• **Problem to solve**
This calls for a verbatim copy of all the data, with no images carried over.

• **Stored data**

--- START ---

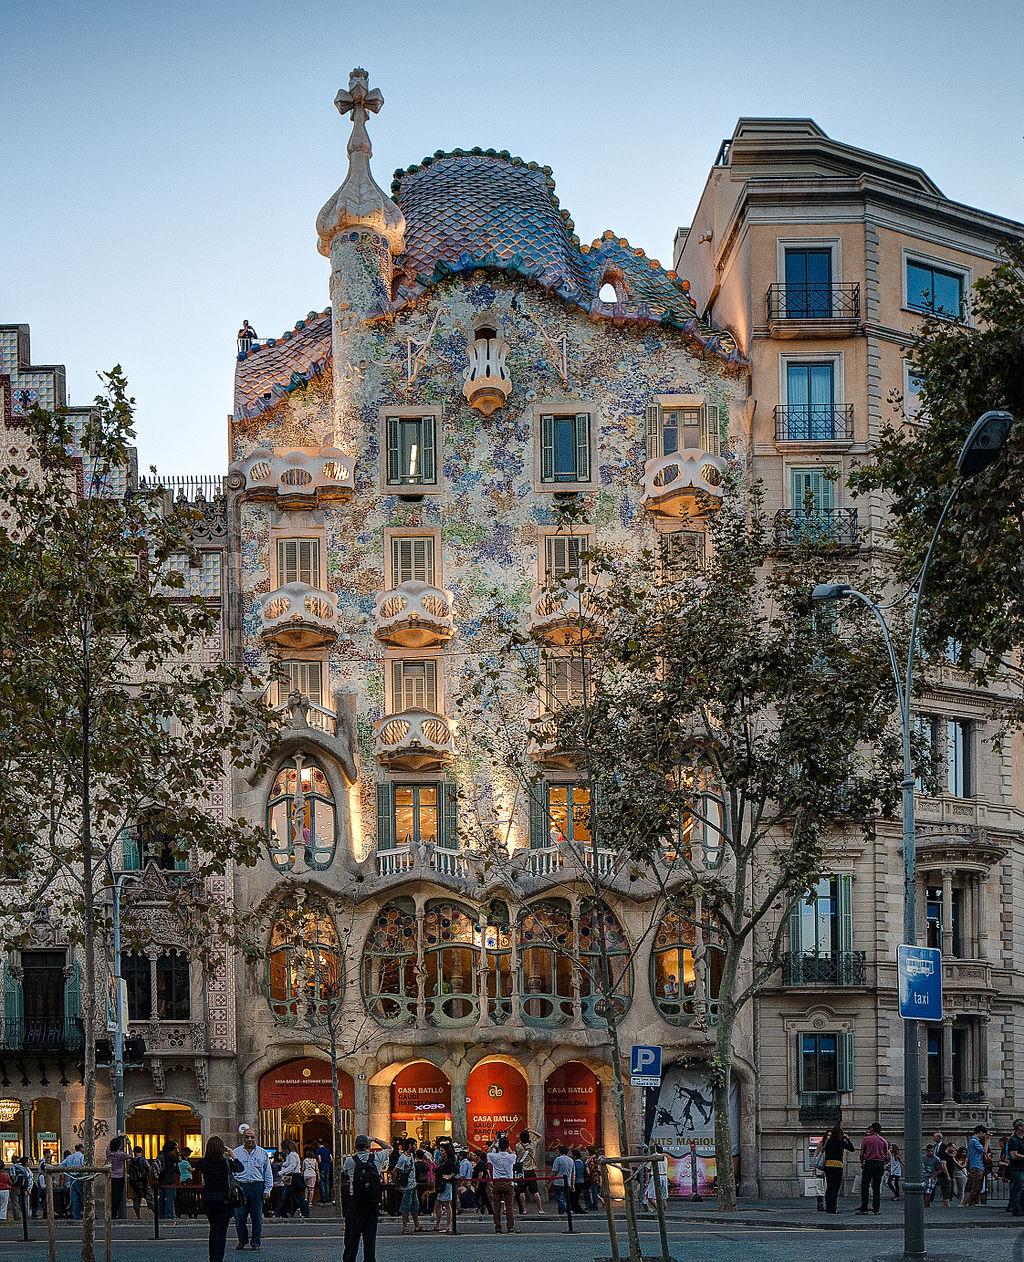 Barcelona Spain: Casa Batlló, Barcelona: Restoration Project Open House
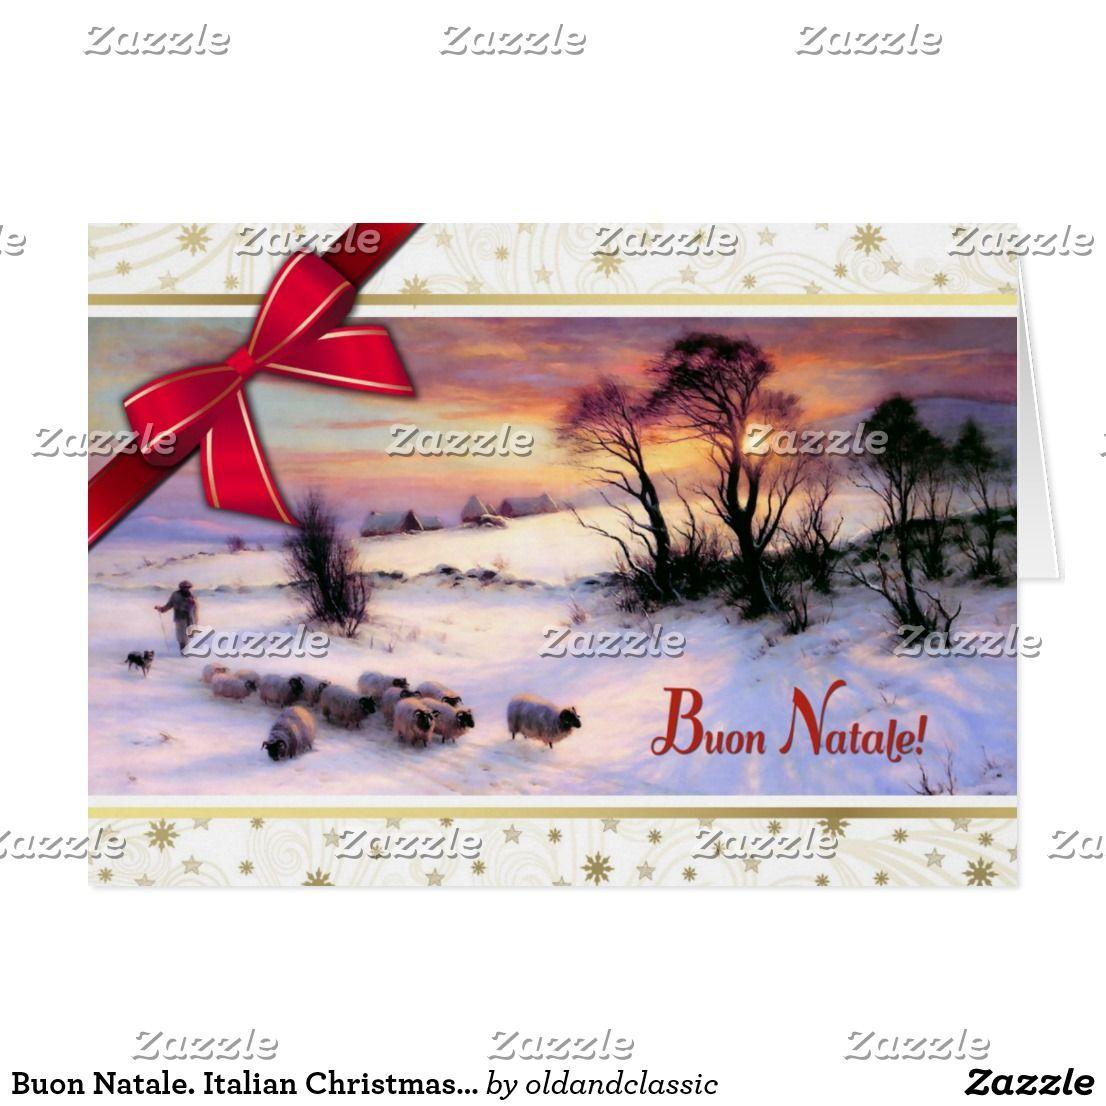 Buon natale italian christmas cards natale pinterest natale italian christmas cards kristyandbryce Images
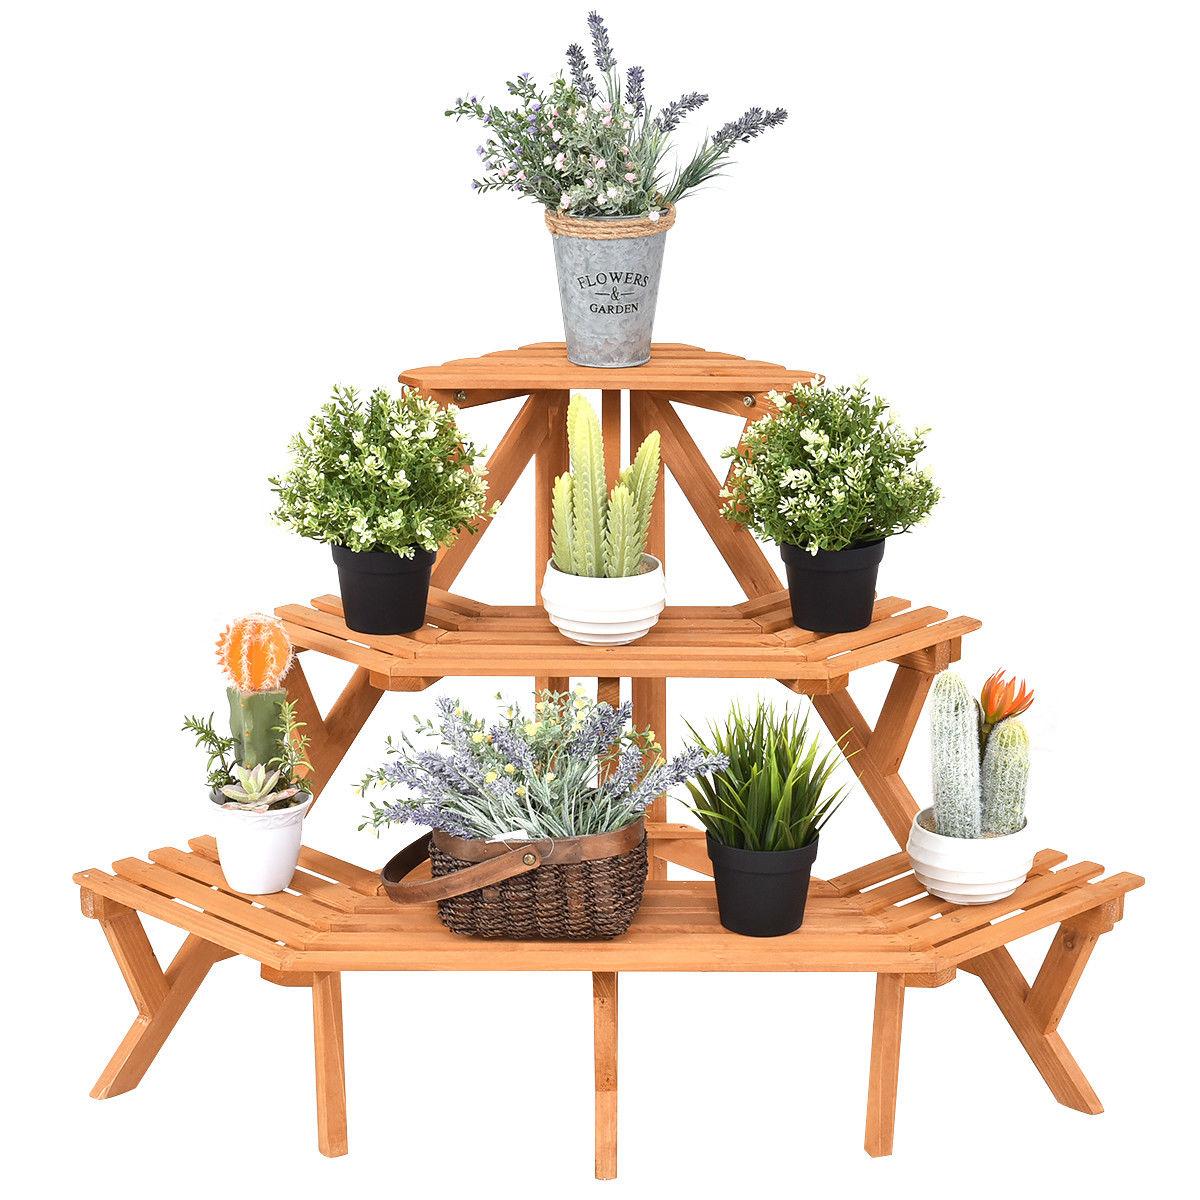 Costway 3 tier wood corner flower stand plant ladder pot holder display rack shelf

--- END ---

• **Output of the task**
 Barcelona Spain: Casa Batlló, Barcelona: Restoration Project Open House
 Buon natale italian christmas cards natale pinterest natale italian christmas cards kristyandbryce Images
 Costway 3 tier wood corner flower stand plant ladder pot holder display rack shelf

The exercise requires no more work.